### Dataset records:
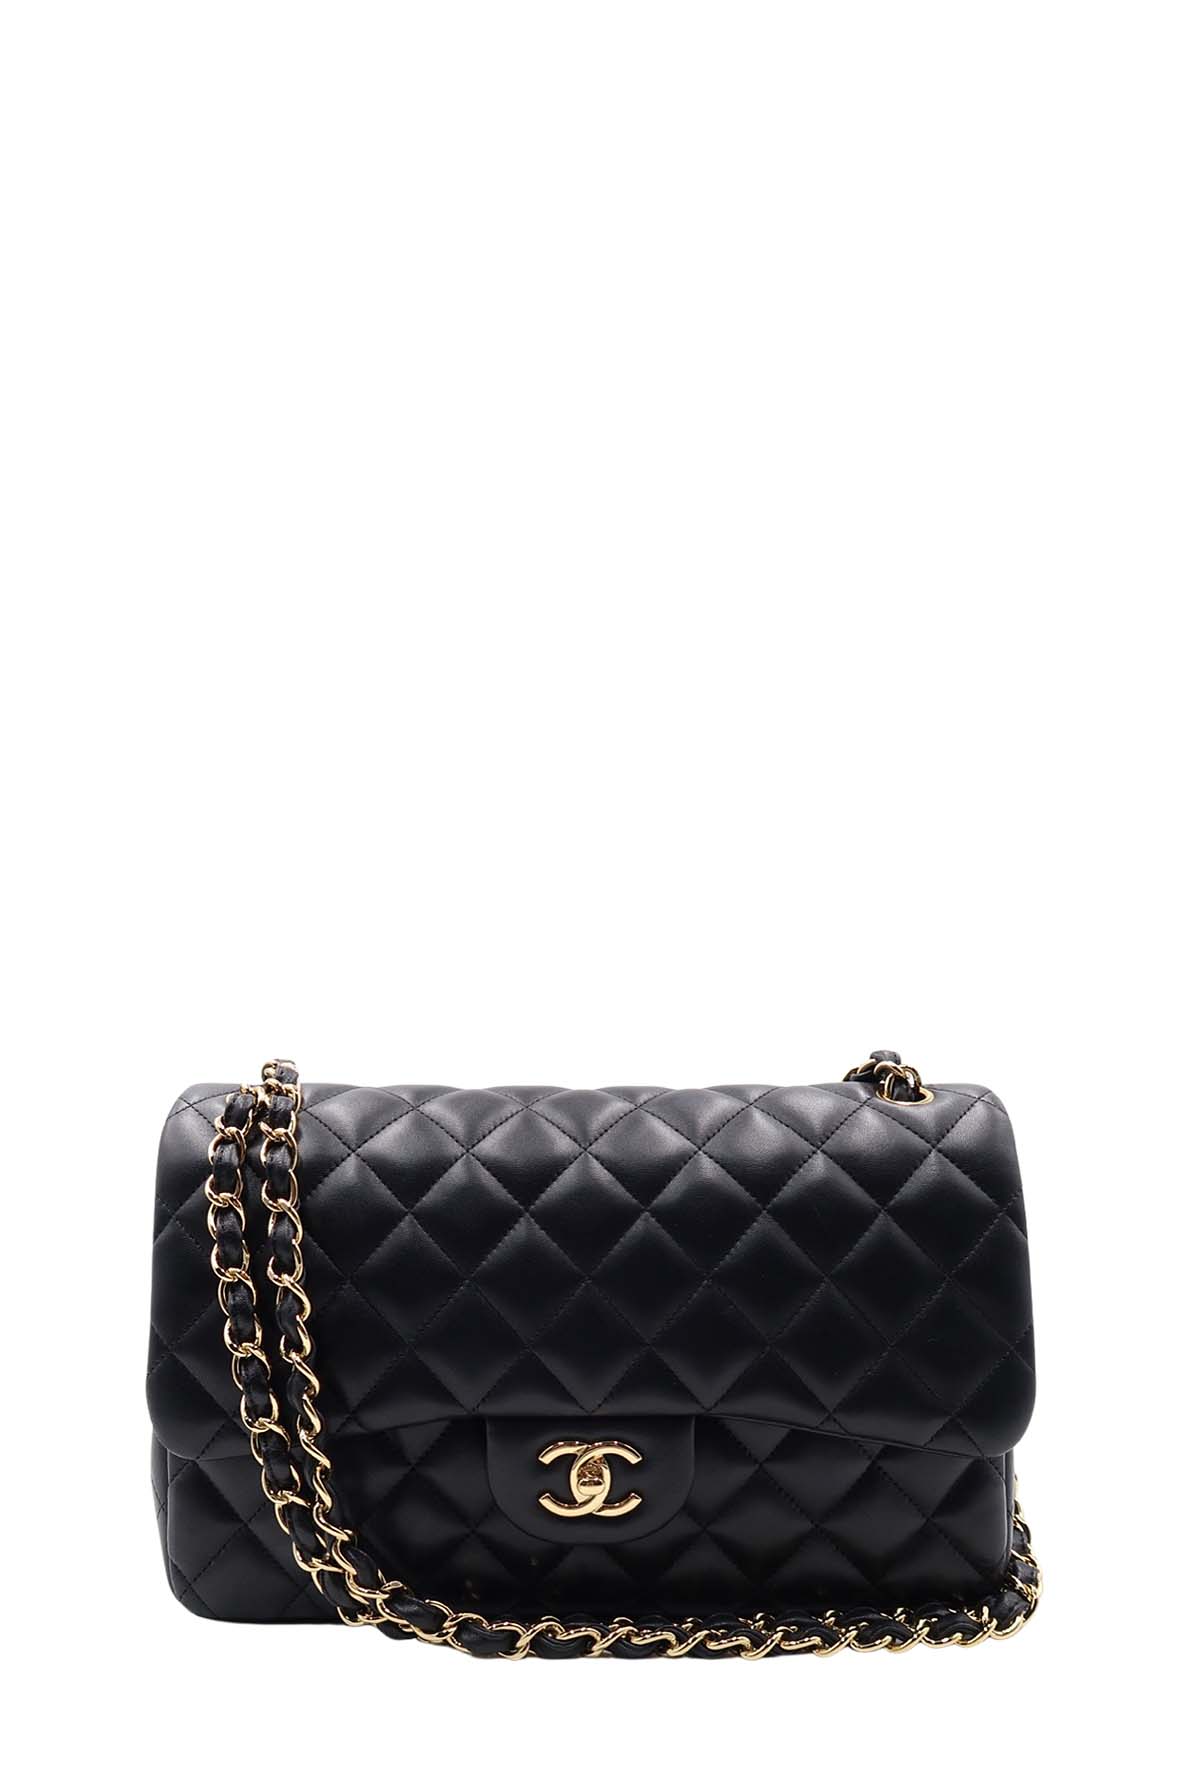 Chanel Quilted SHW CC Classic Flap Jumbo Shoulder Bag Lambskin
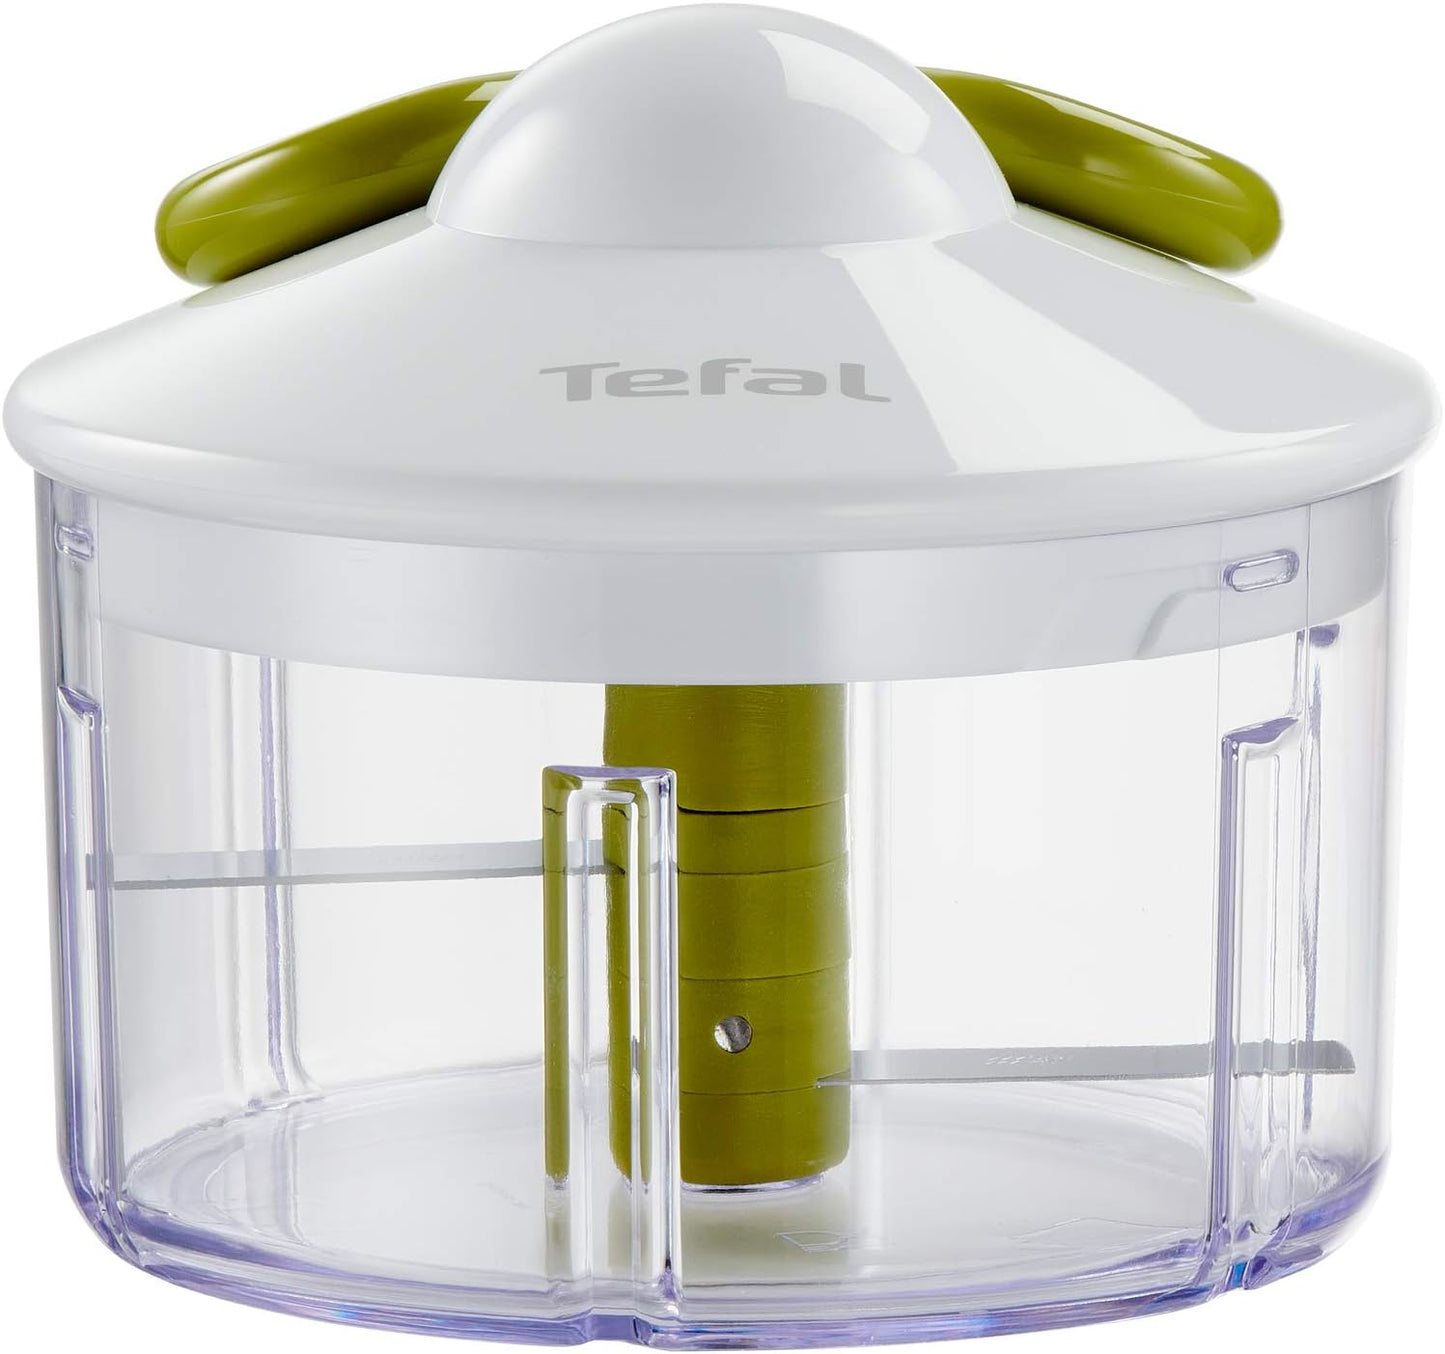 Tefal 5-Second Chopper, 900 ml, Manual Food Chopper and Mixer, Easy to Use, Stainless Steel Blades, Safe to Use, Versatile Results, Vegetables, Onions, Hummus, Guacamole, Herbs And Nuts, K1320404
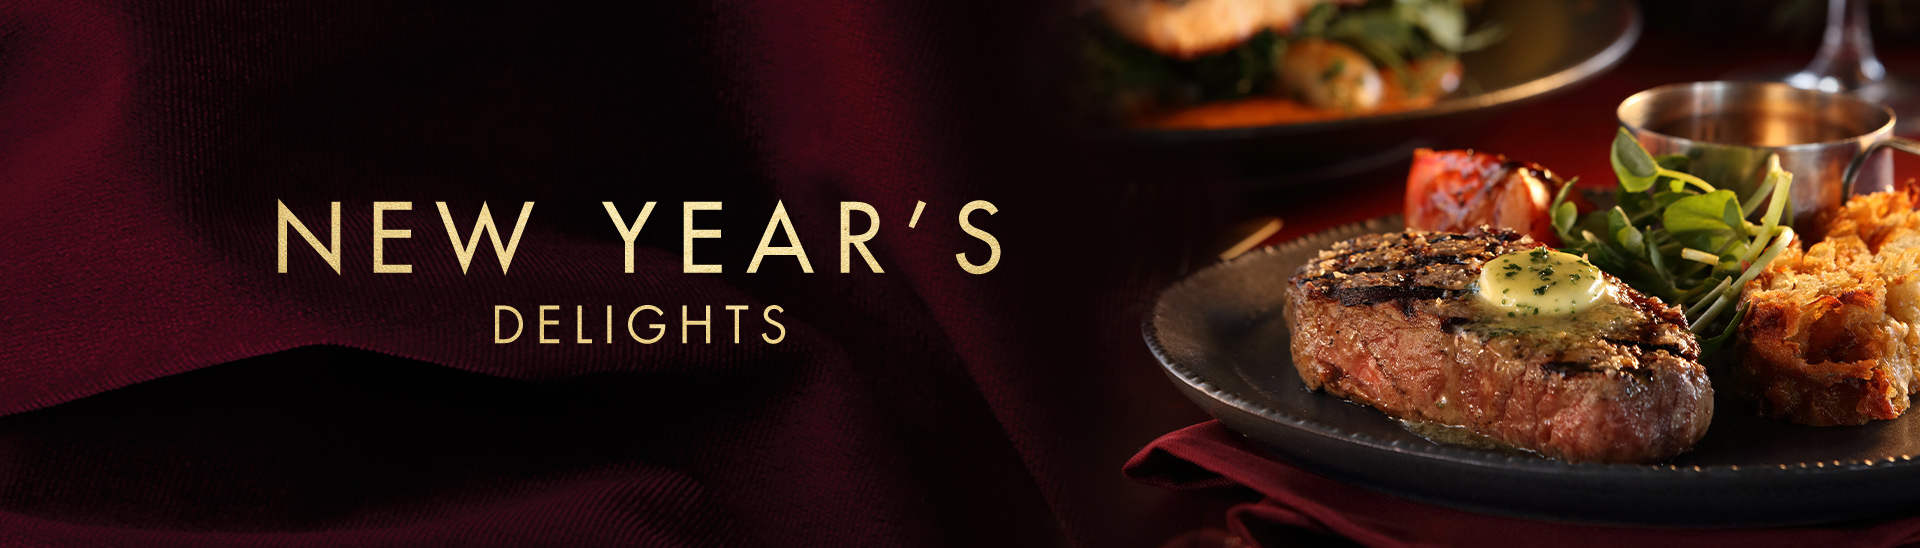 New Year’s Eve 2019 at Miller & Carter Cheshire
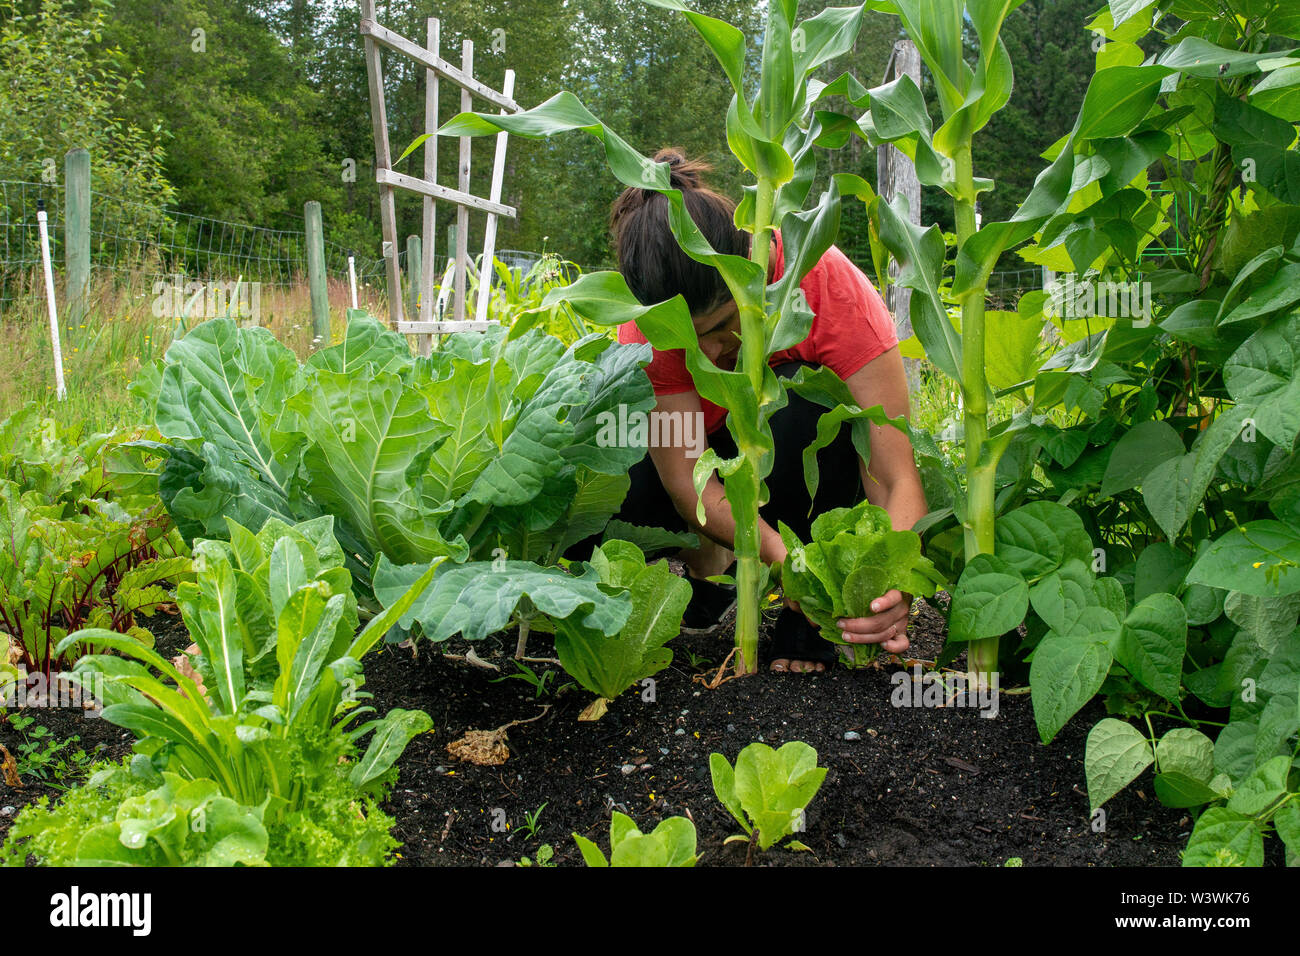 Mid length view of a women cutting a head of lettuce in her backyard vegetable garden. Stock Photo
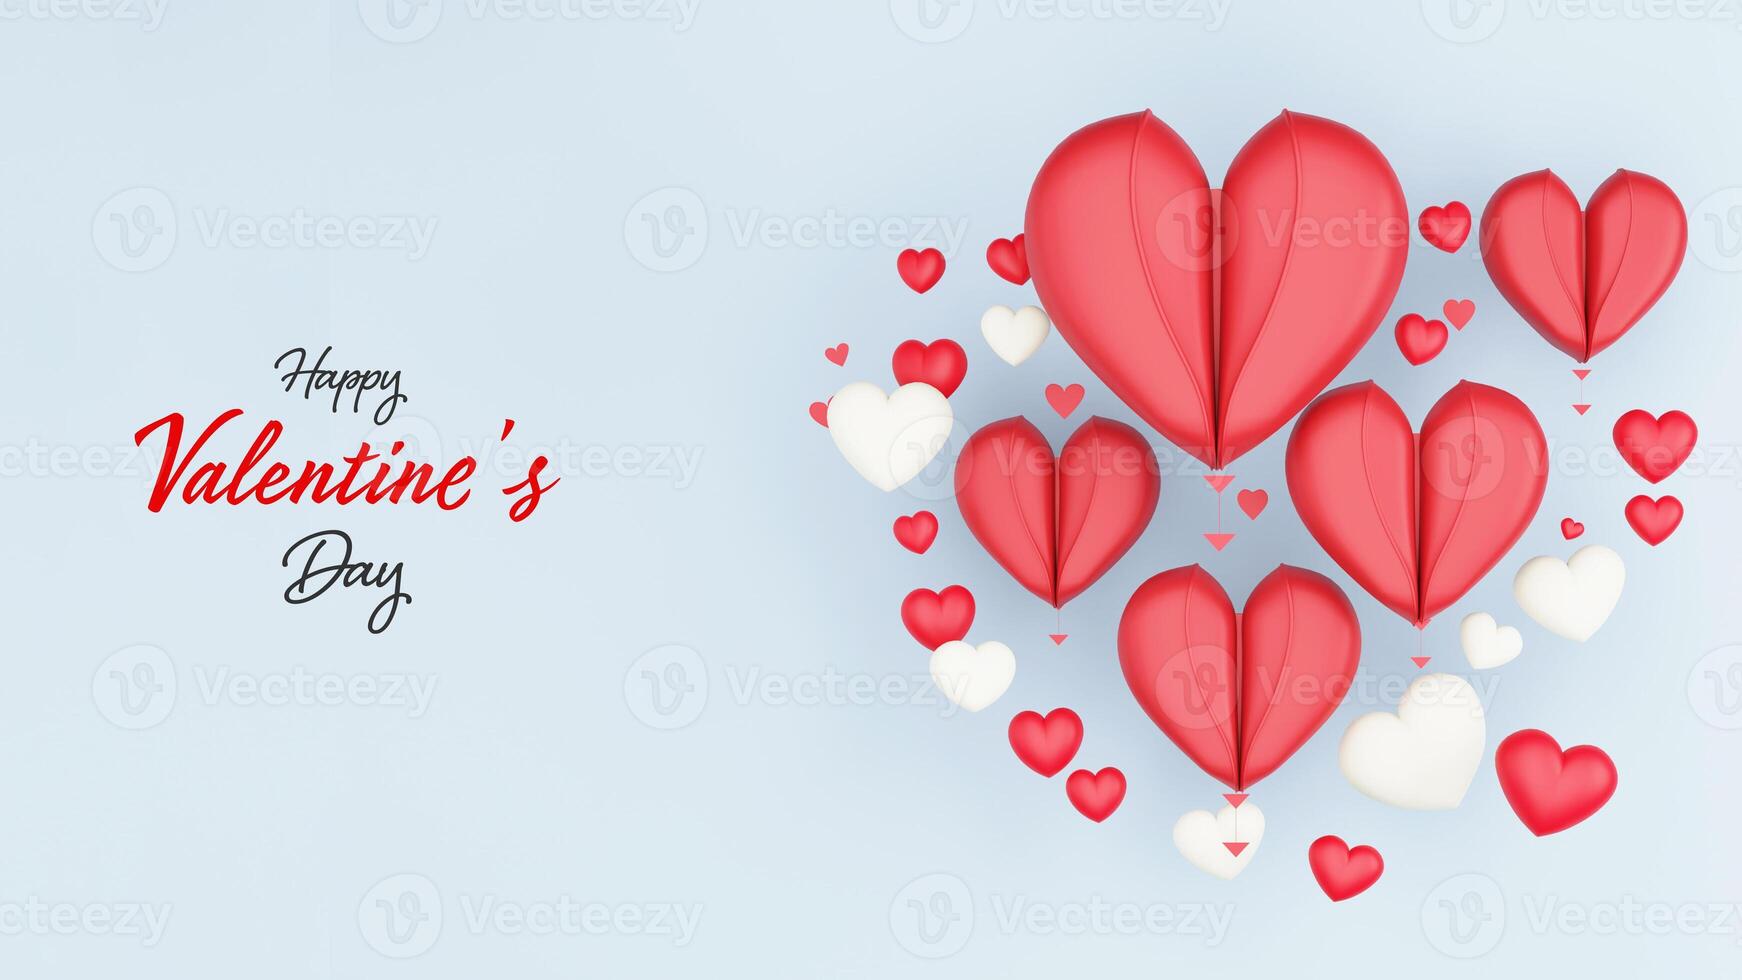 Happy Valentine's Day Landing Page Or Banner Design With 3D Render, Paper Cut Hearts Shapes. photo

### Prompt:
Restate word for word every line from the one with "Tefal 5-Second Chopper, 900" up to and including the one with "Mid length view" in the records above, minus the pictures.

### Your response:
 Tefal 5-Second Chopper, 900 ml, Manual Food Chopper and Mixer, Easy to Use, Stainless Steel Blades, Safe to Use, Versatile Results, Vegetables, Onions, Hummus, Guacamole, Herbs And Nuts, K1320404
 New Year’s Eve 2019 at Miller & Carter Cheshire
 Mid length view of a women cutting a head of lettuce in her backyard vegetable garden. Stock Photo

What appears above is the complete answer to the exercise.